Chapter 11 – Consciousness
Pure consciousness, before it has identified with any form, empty of content, just vibrating energy, all-encompassing and nonlocal – nothing and everything. How can we describe that? Thinking logically, this chapter should be blank.
As I write this, I am reading an article on the Russian Andrei Linde, one of the world’s leading cosmologists and good friend of Stephen Hawking, where he speculates, “that our description of the universe may remain incomplete as long as we do not solve the mystery of consciousness. Perhaps our inner reality is even more real than the material world outside.”
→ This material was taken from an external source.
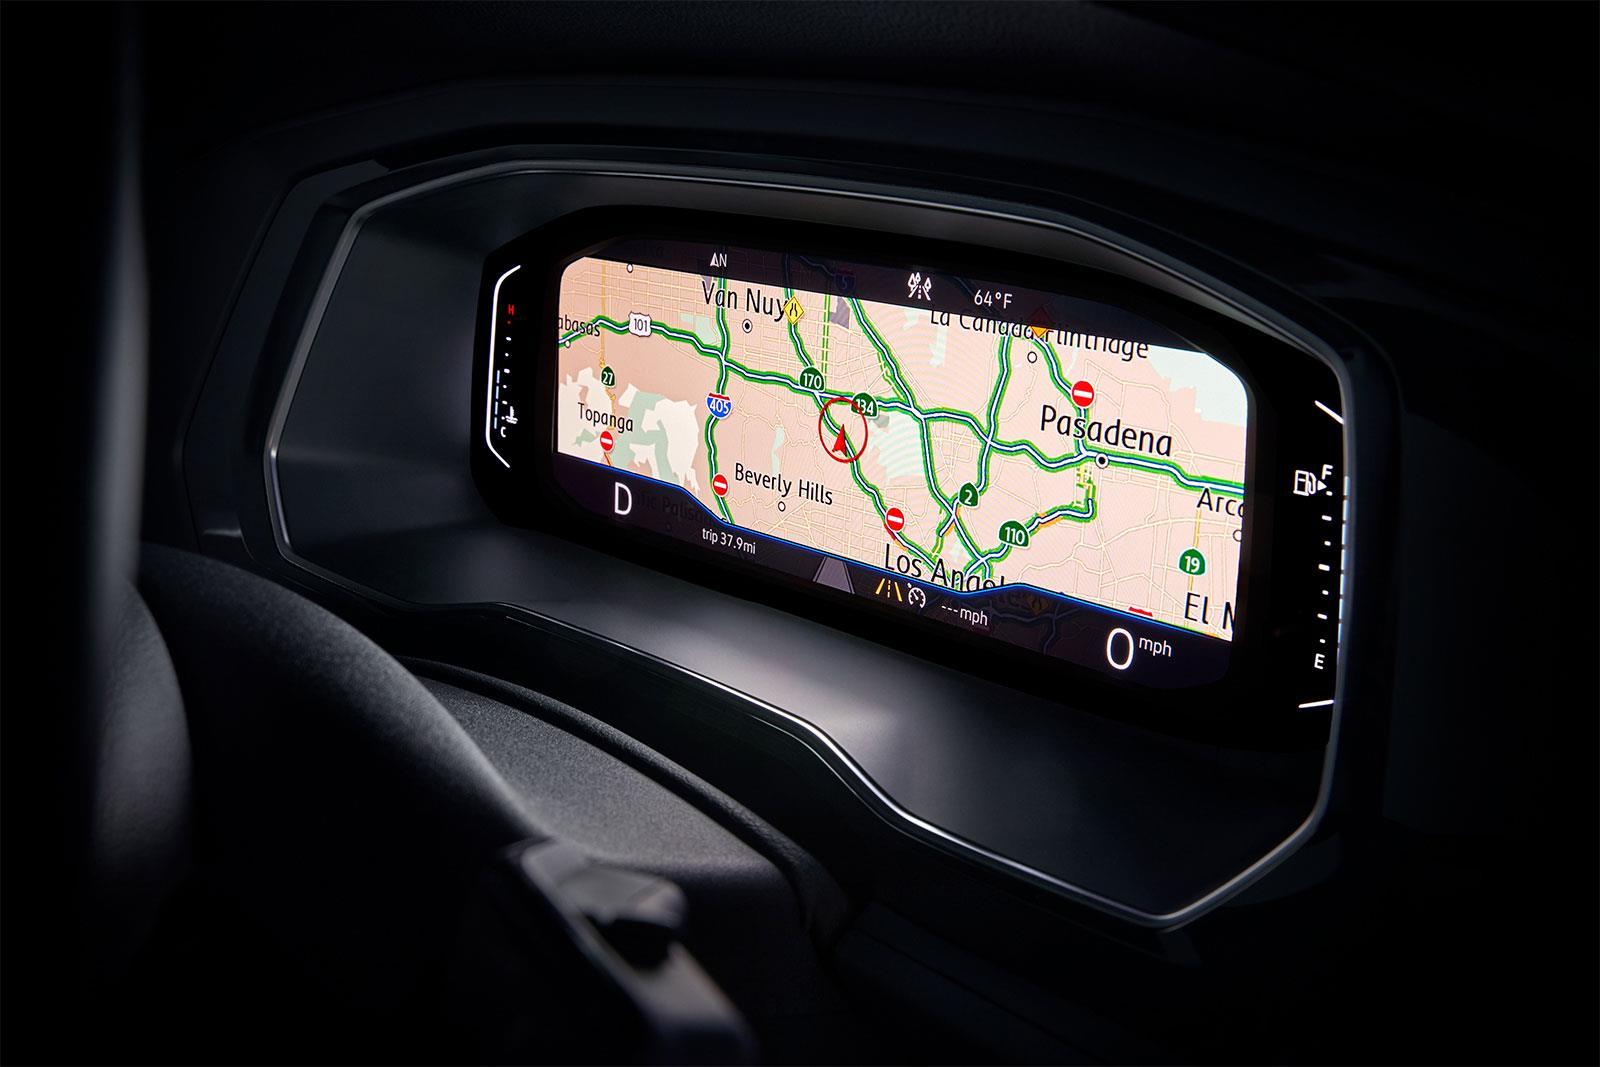 La pantalla digital disponible en el Volkswagen Jetta 2019

Many scientists believe that consciousness may be the primary reality, out of which the secondary material reality emerges. Consciousness could thus be the basis of our entire reality, so what could be more interesting than trying to broaden our understanding of that?
What is consciousness
So far, nobody has been able to identify what consciousness is, and no scientist has found its location. The pure consciousness is not static; it is living, dynamic, beyond thought, beyond form, and therefore difficult to “pinpoint”. Nor has it been possible to find consciousness in our brain, even if we use our brain to be conscious of consciousness. Fortunately, we do not need to have a definition of what consciousness is to be able to make use of it.
Even though no one has been able to definitively “prove” what consciousness is, there are many “theories” and also models of explanation.